◆ **Data for review**
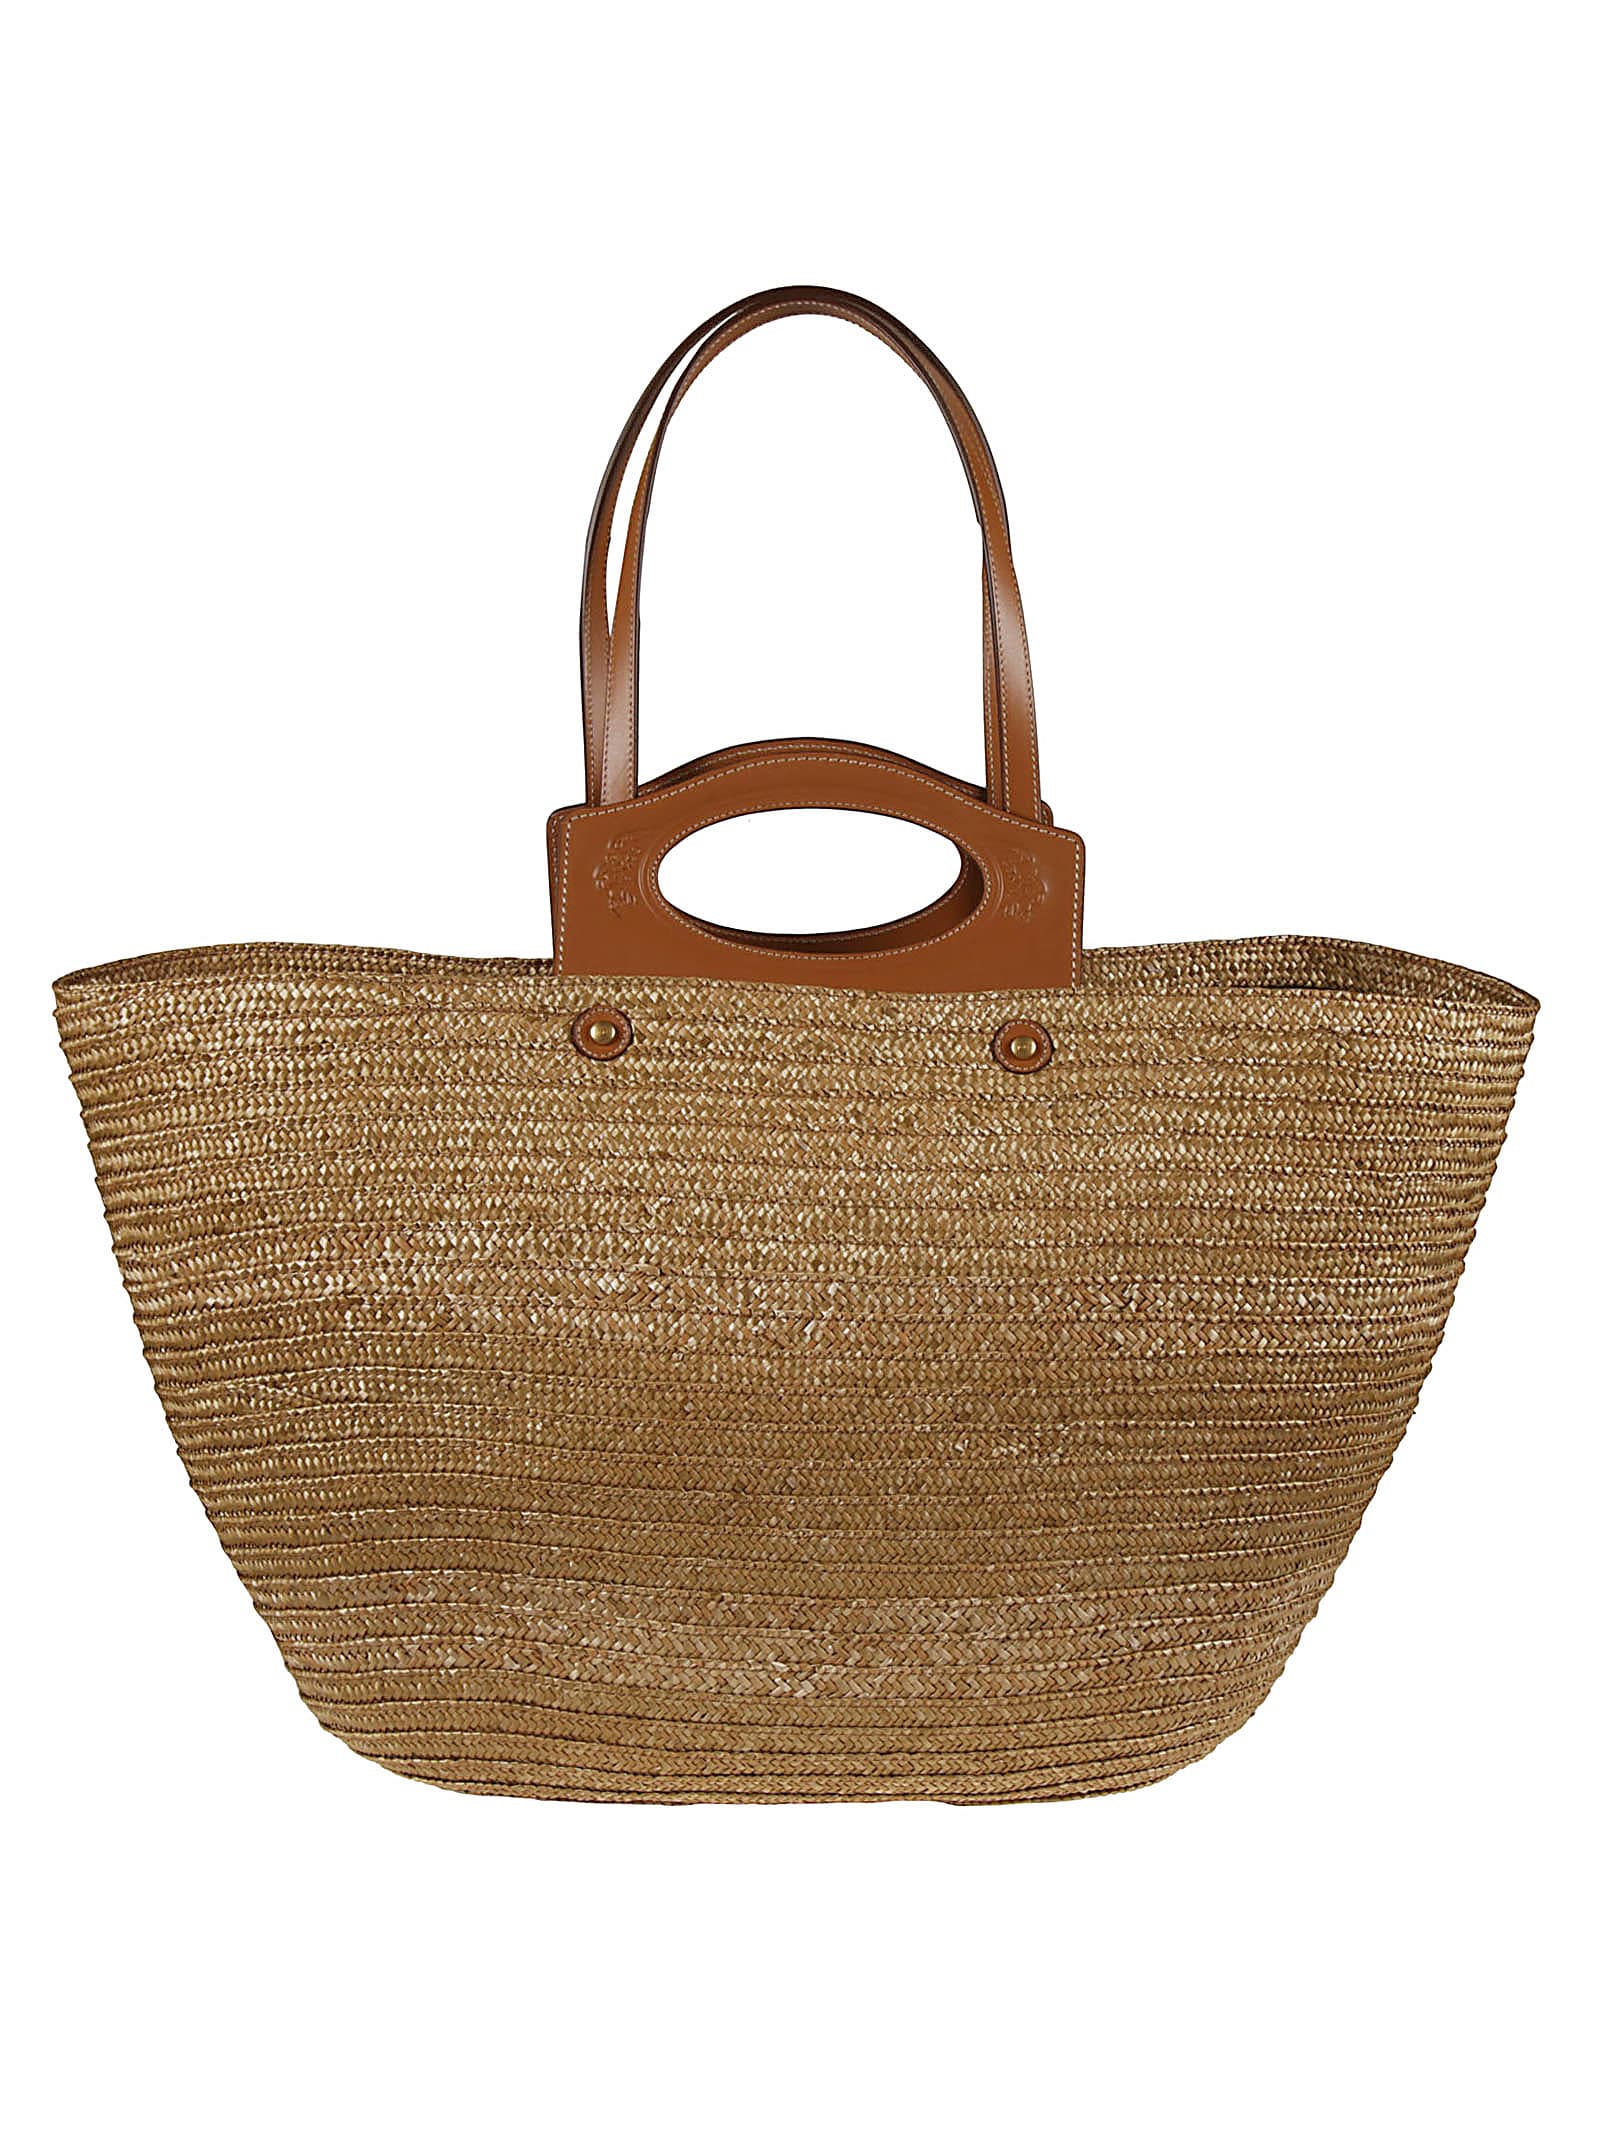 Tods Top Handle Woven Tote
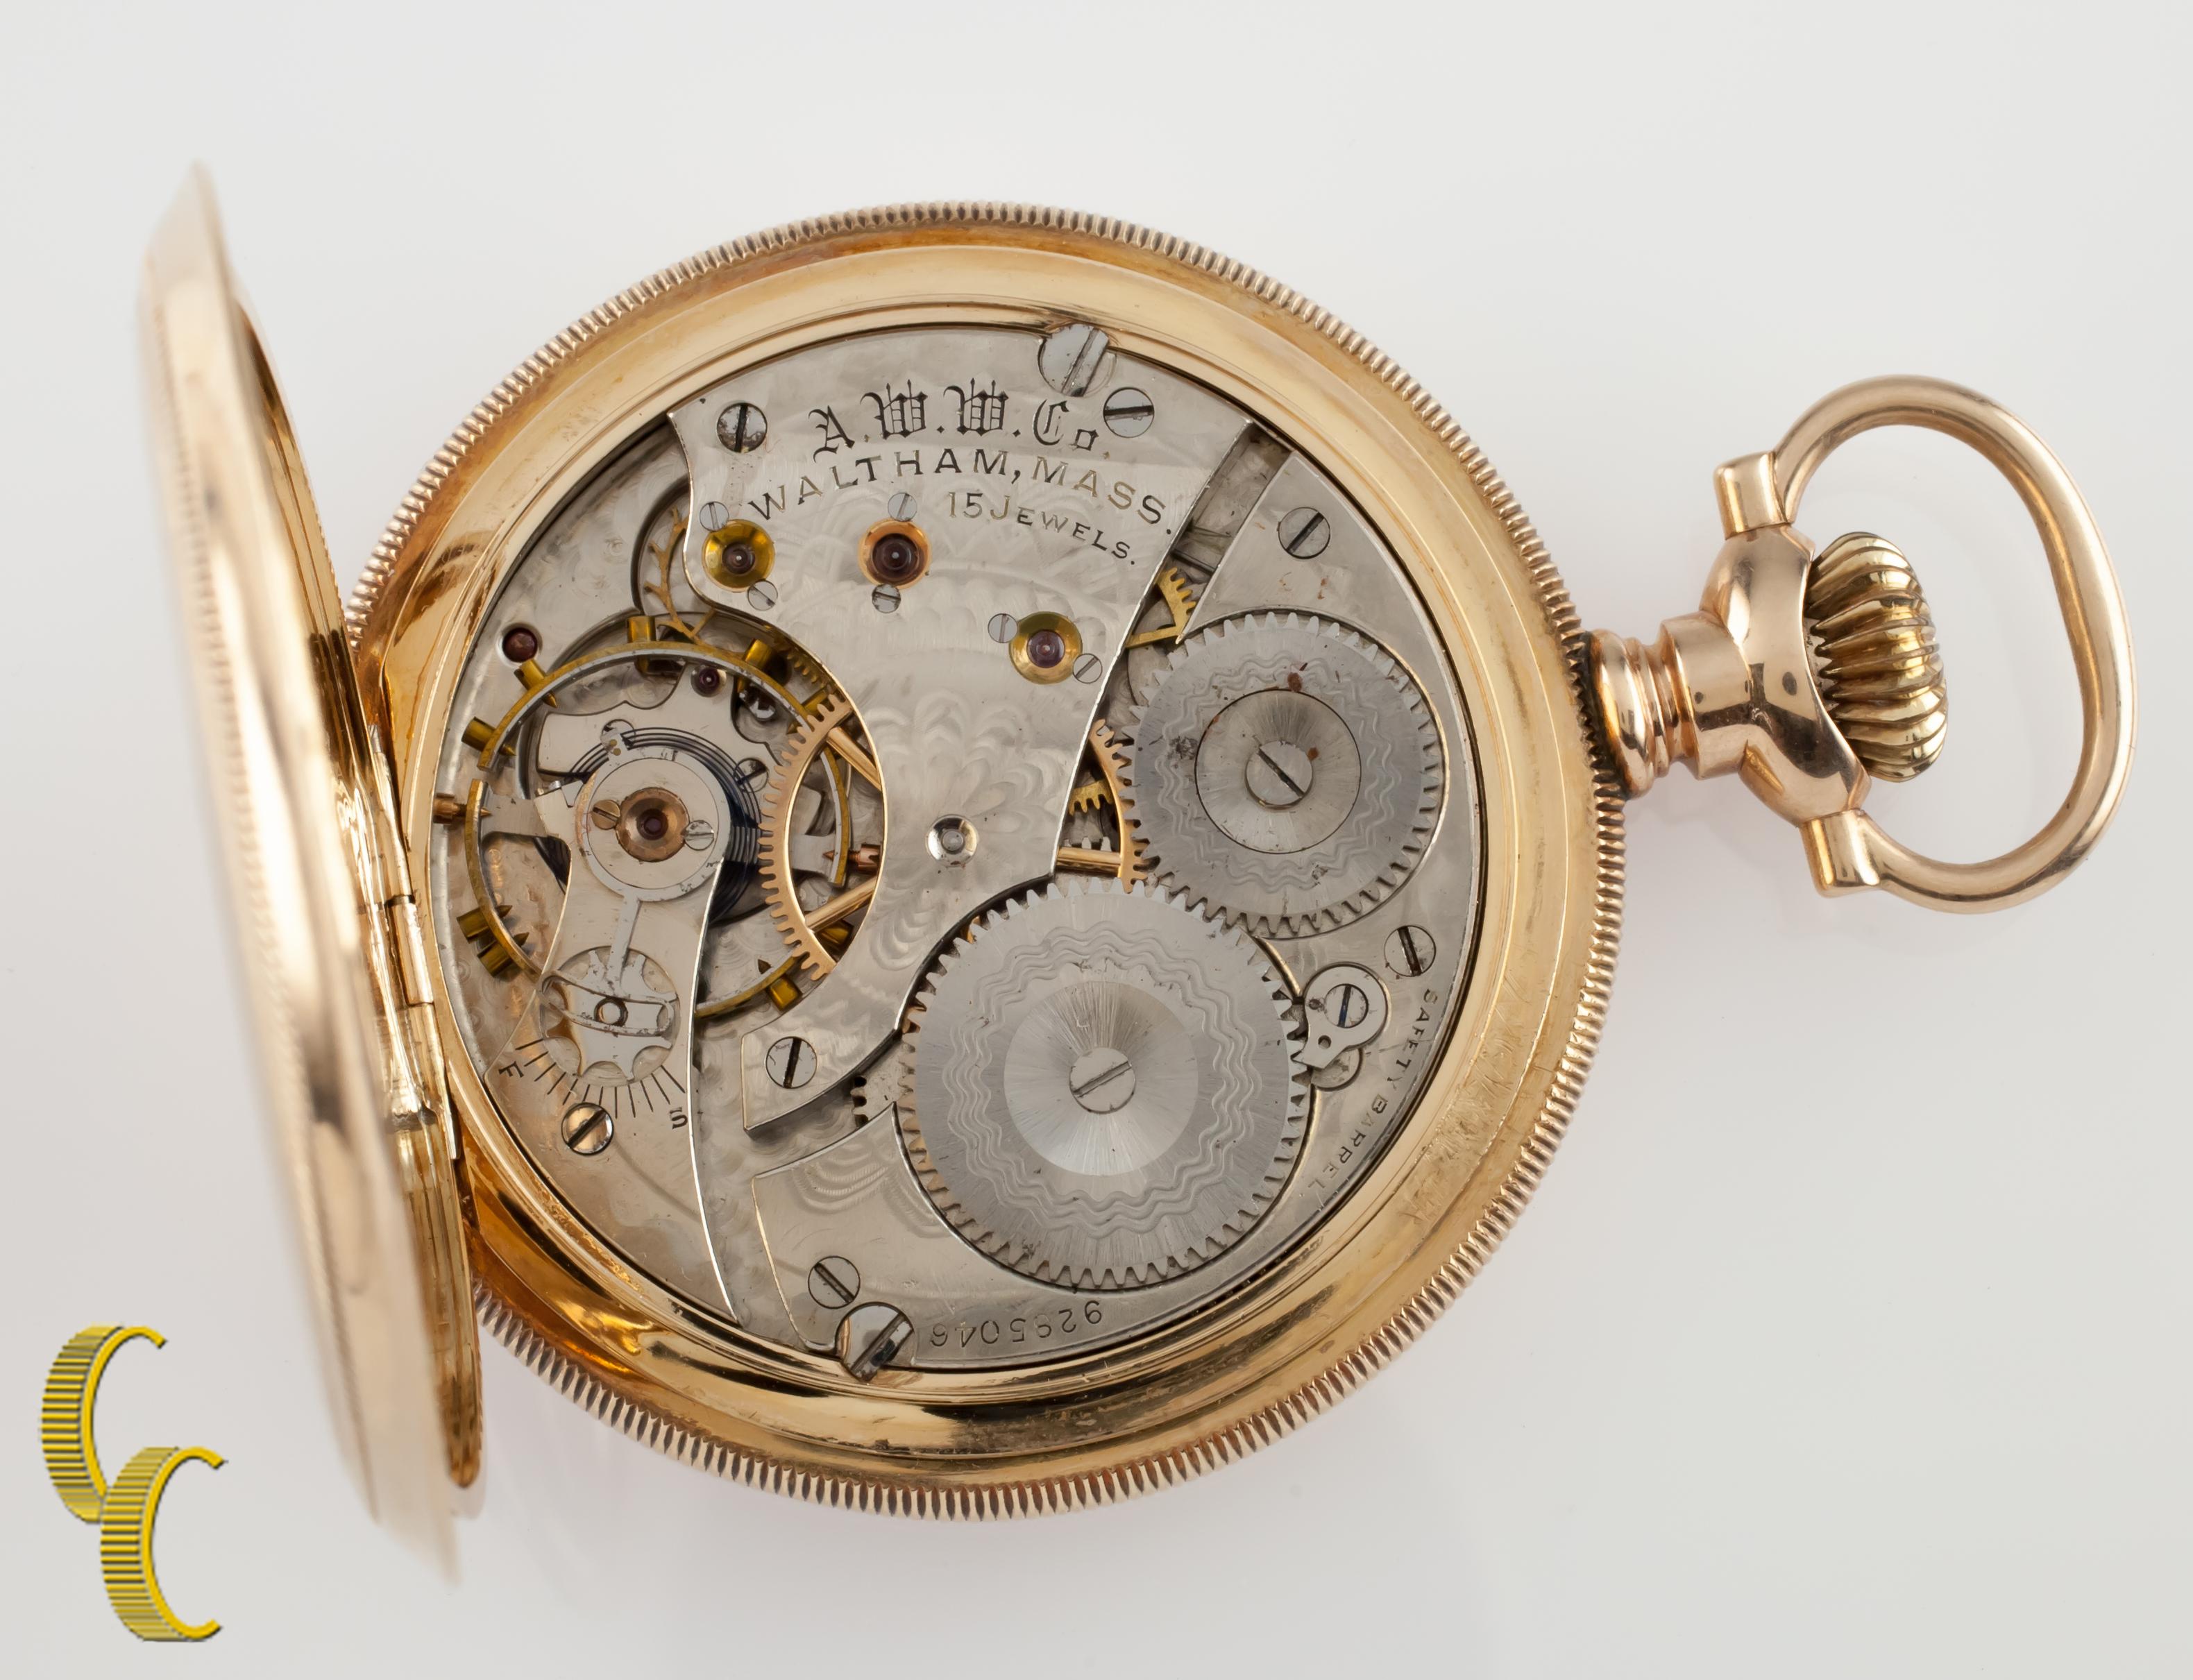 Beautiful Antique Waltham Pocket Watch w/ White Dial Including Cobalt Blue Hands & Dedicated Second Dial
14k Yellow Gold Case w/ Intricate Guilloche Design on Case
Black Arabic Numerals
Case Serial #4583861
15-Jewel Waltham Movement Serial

◆ **To do**
An answer that restates all the entries exactly and drops the images is what is needed.

◆ **Completed exercise**
 Tods Top Handle Woven Tote
 Beautiful Antique Waltham Pocket Watch w/ White Dial Including Cobalt Blue Hands & Dedicated Second Dial
14k Yellow Gold Case w/ Intricate Guilloche Design on Case
Black Arabic Numerals
Case Serial #4583861
15-Jewel Waltham Movement Serial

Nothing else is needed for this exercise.